Marcelo Suartz

Personal information
- Full name: Marcelo Antonio Suartz
- Born: 24 September 1987 (age 38)
- Height: 1.74 m (5 ft 9 in)

Sport
- Country: Brazil
- Sport: Bowling

Medal record
Men's bowling
Representing Brazil
Pan American Games
| Gold medal – first place | 2015 Toronto | Singles |
| Silver medal – second place | 2019 Lima | Singles |
| Bronze medal – third place | 2011 Guadalajara | Singles |
South American Games
| Gold medal – first place | 2014 Santiago | Singles |
| Gold medal – first place | 2022 Asunción | Doubles |
| Silver medal – second place | 2014 Santiago | Doubles |

= Marcelo Suartz =

Brazilian bowler (born 1987)

Marcelo Antonio Suartz (born 24 September 1987) is a Brazilian bowler.

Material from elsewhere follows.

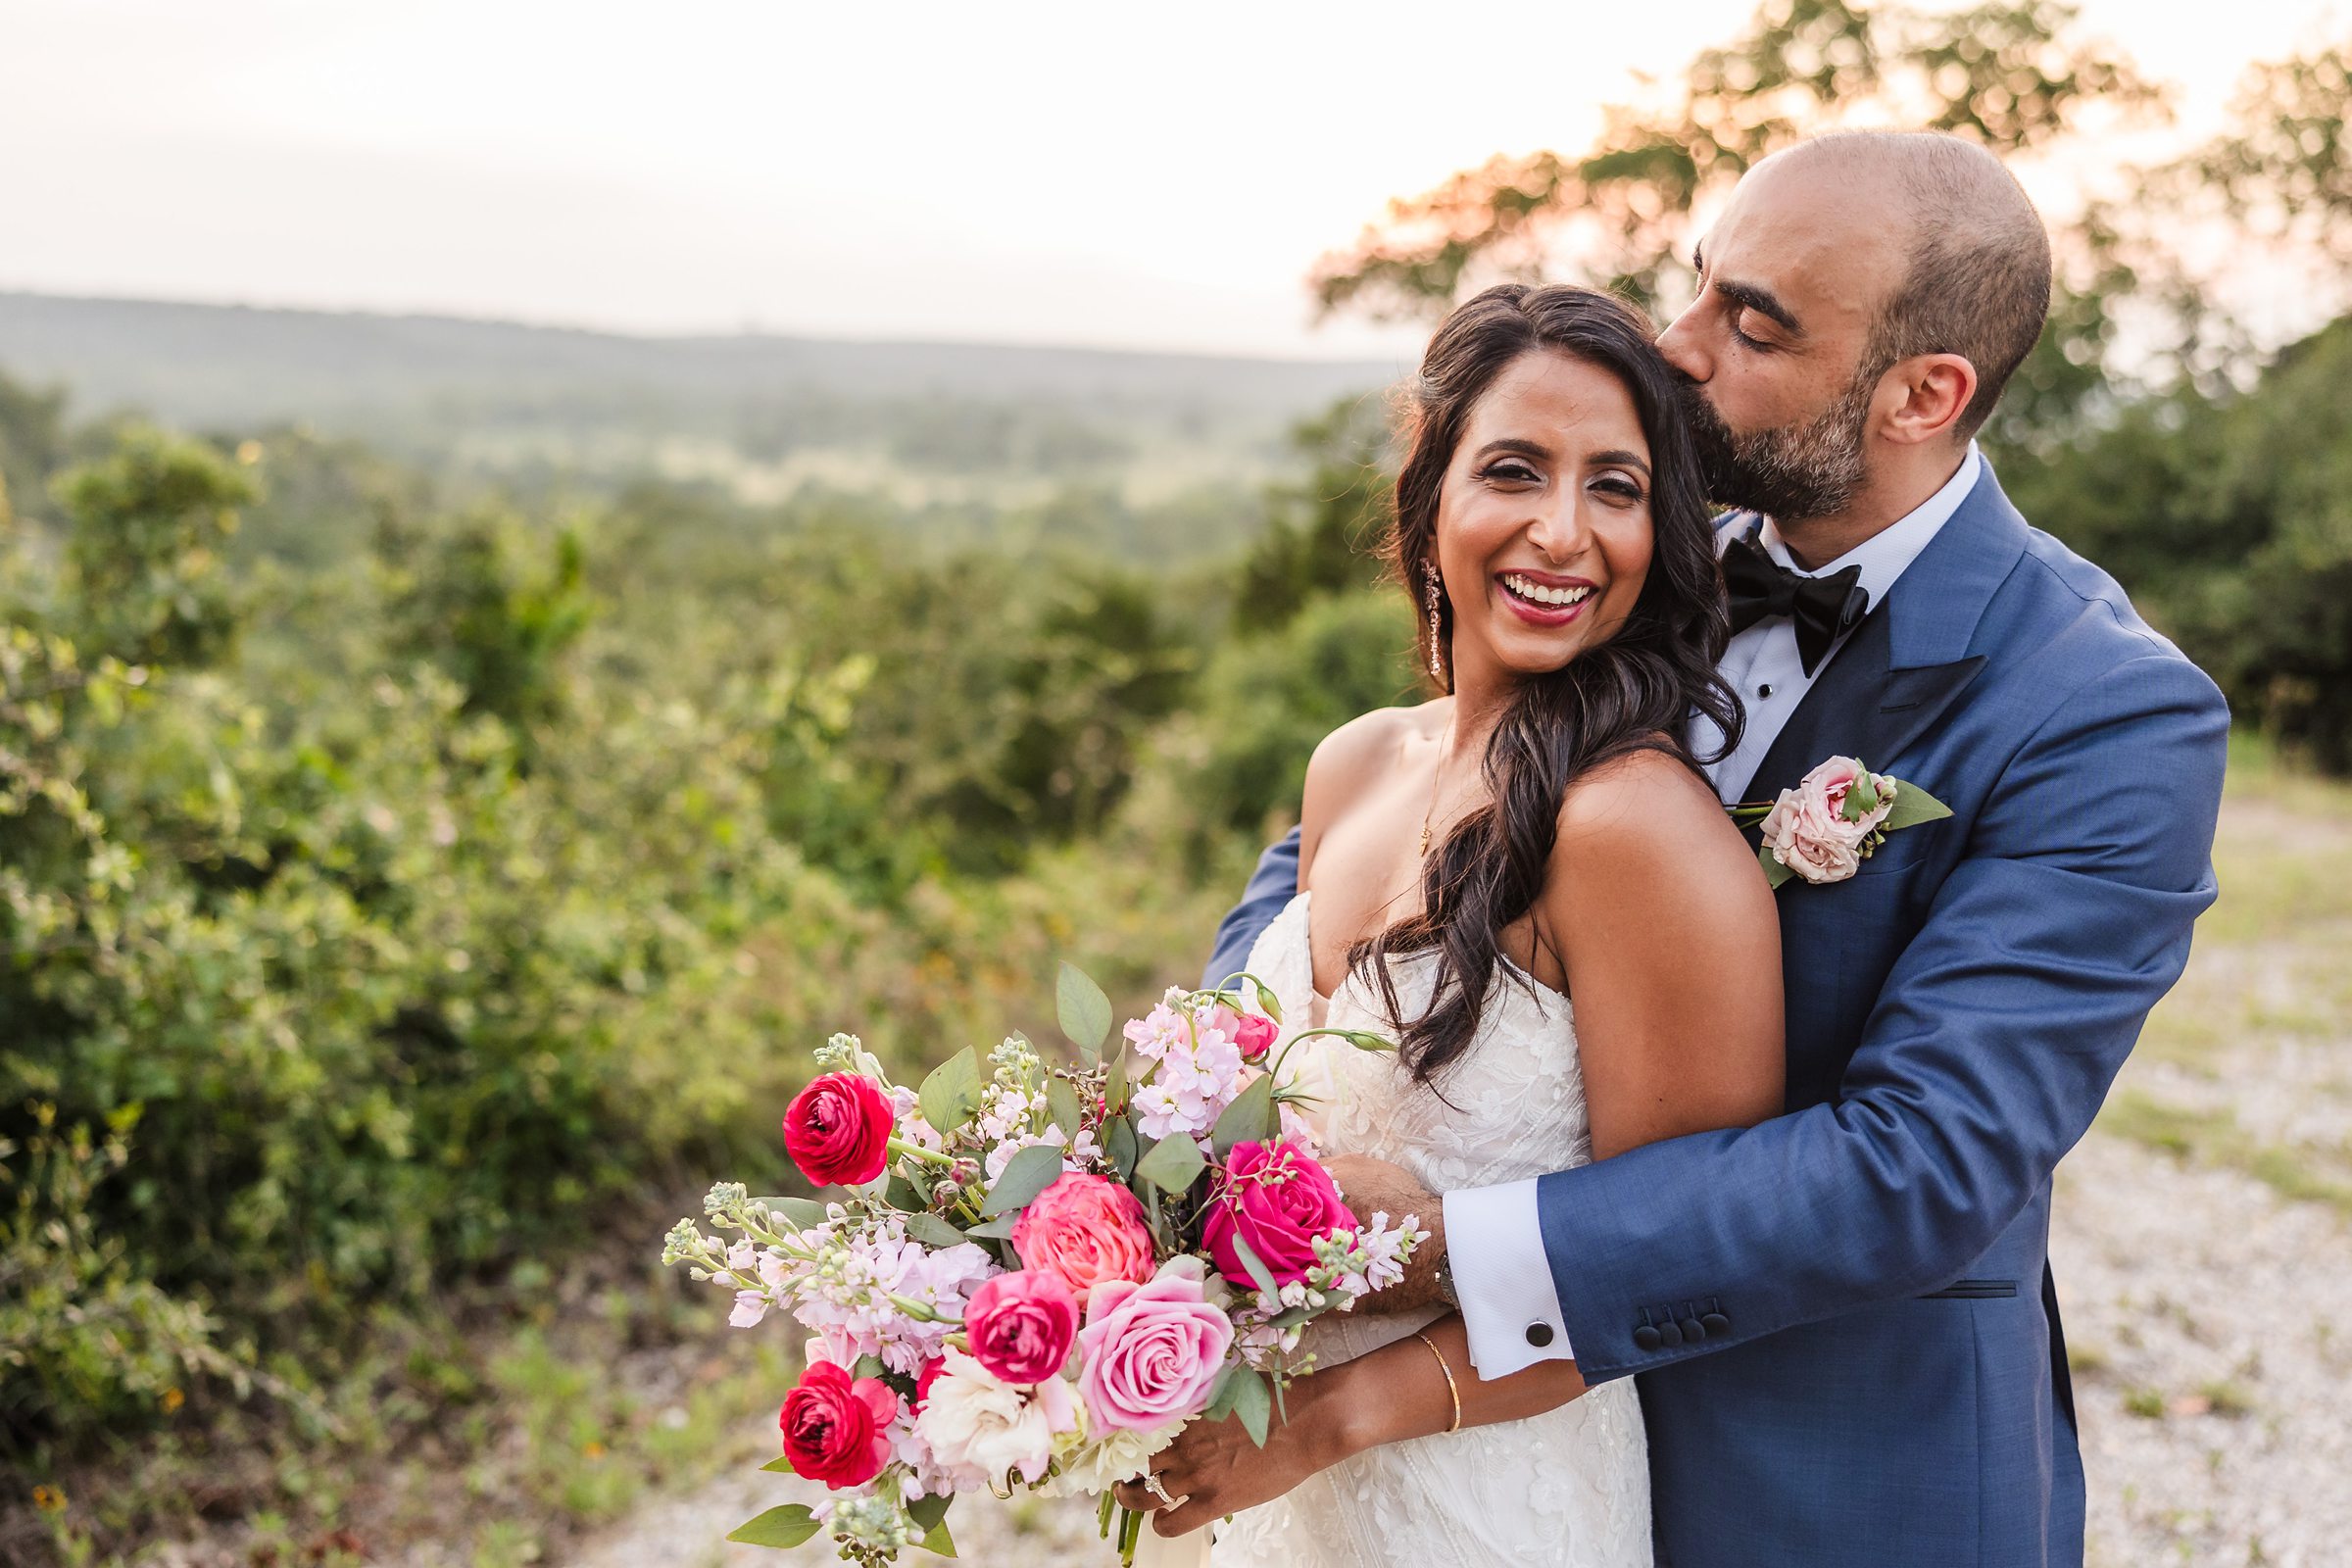 Bride and groom celebrate during a wedding at the Shiraz Garden in Bastrop, Texas.

At the 2014 South American Games held in Toronto, Canada, he won a gold medal in bowling in singles, and a silver medal in doubles playing with Renan Zoghaib.

At the 2015 Pan American Games held in Toronto, Canada, he won a gold medal in bowling in singles. He also won silver at the 2019 Pan American Games and bronze in 2011.

At the 2022 South American Games held in Asunción, Paraguay, he won a gold medal in bowling in doubles.